As various onlookers tried to get the principals to leave the party, Hart had to be restrained as well.
 
"I saw three USC assistants surround my head coach with Andy and his wife, so I walked up and said, 'Why are we arguing about a kid who signed a letter of intent in November,' and after that two of his assistants came after me and rushed me," Cantu said. "It really is completely unprofessional and unfortunate. It caught me completely off guard." Cantu later added, "You have to understand, they're on their heels because they tampered with Isaac Hamilton and Tim called them out on a national level. That's the bottom line."
 
Bland, however, claimed that Cantu inflamed the confrontation as it was about to die down. "I was thinking this is bad but it's about to be over, and then Cantu walked over there," Bland said. "He was getting all super aggressive and that's when I lost it. That's when you saw me getting restrained.
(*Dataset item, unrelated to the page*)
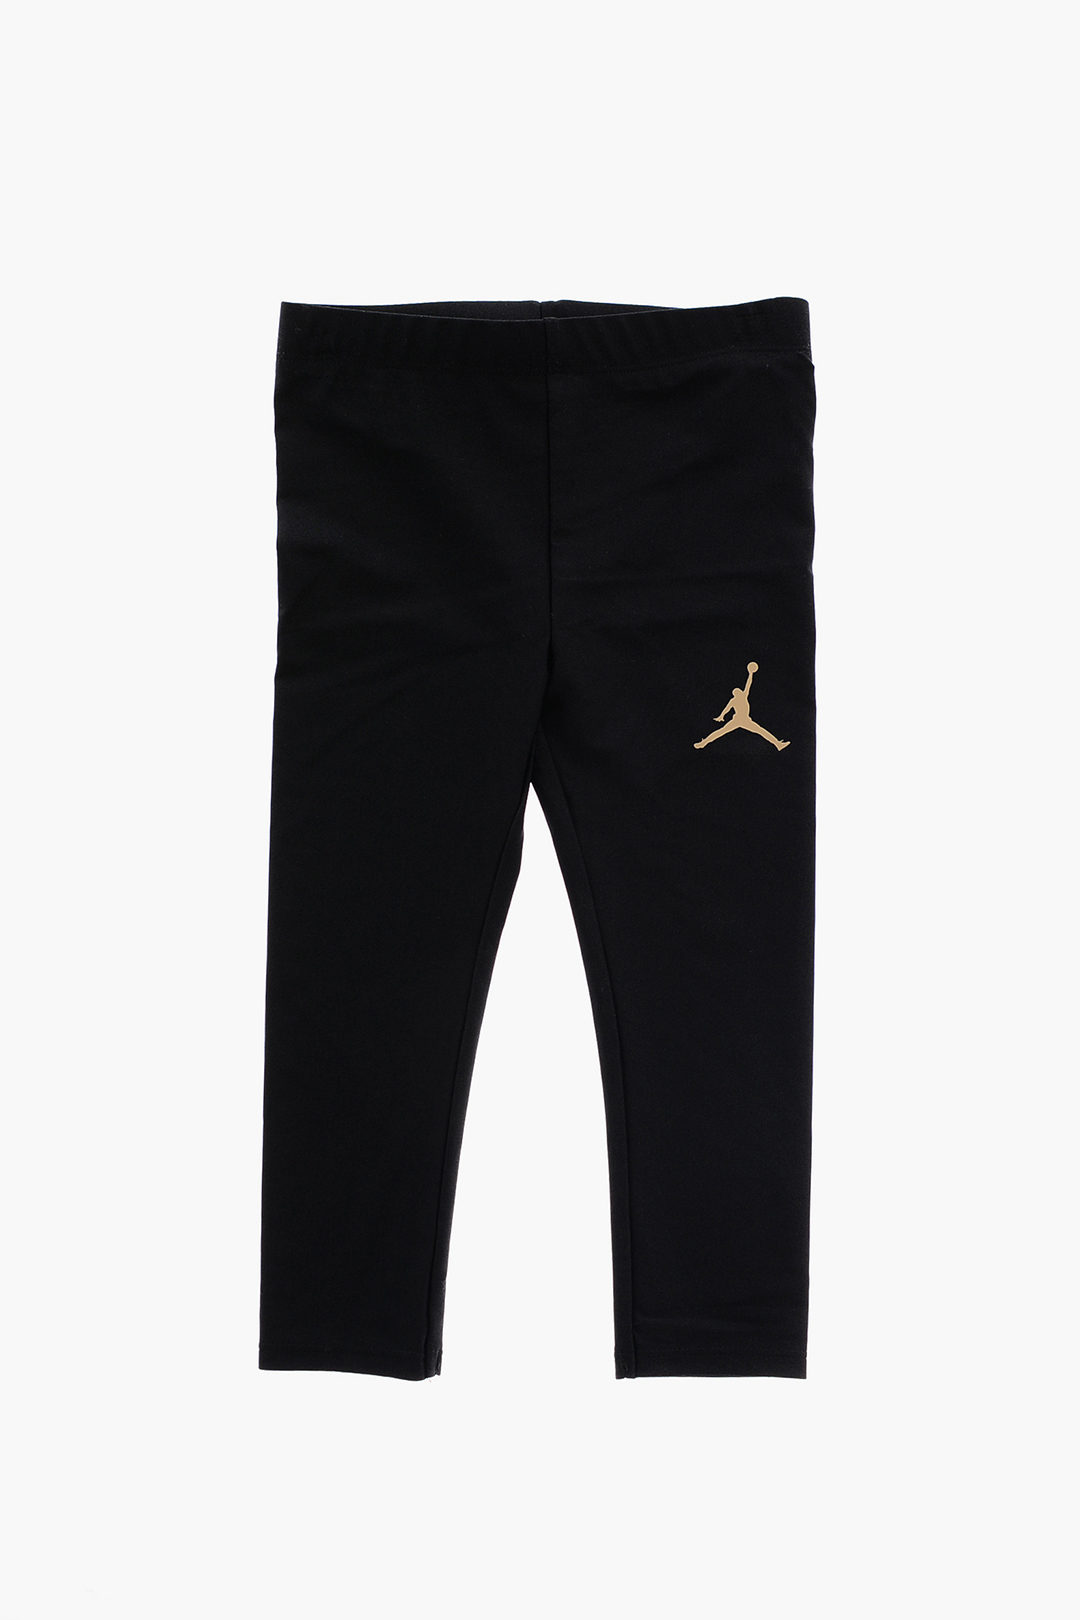 Nike Air Jordans Black leggings Yeezus is a Gemini Jumper Sunglasses  paparazzi Stock Photo - Alamy

We were reactionaries in this whole thing. If it wasn't for Tim Floyd shouting in Andy's face, shouting in his face, it wouldn't have happened."
 
Asked later why he approached Floyd to begin with, Enfield replied, "Because I've always liked Tim. He's always been a good guy to me. I wanted to let him know that I was upset that this whole ordeal happened. I wanted to let him know that I respect him."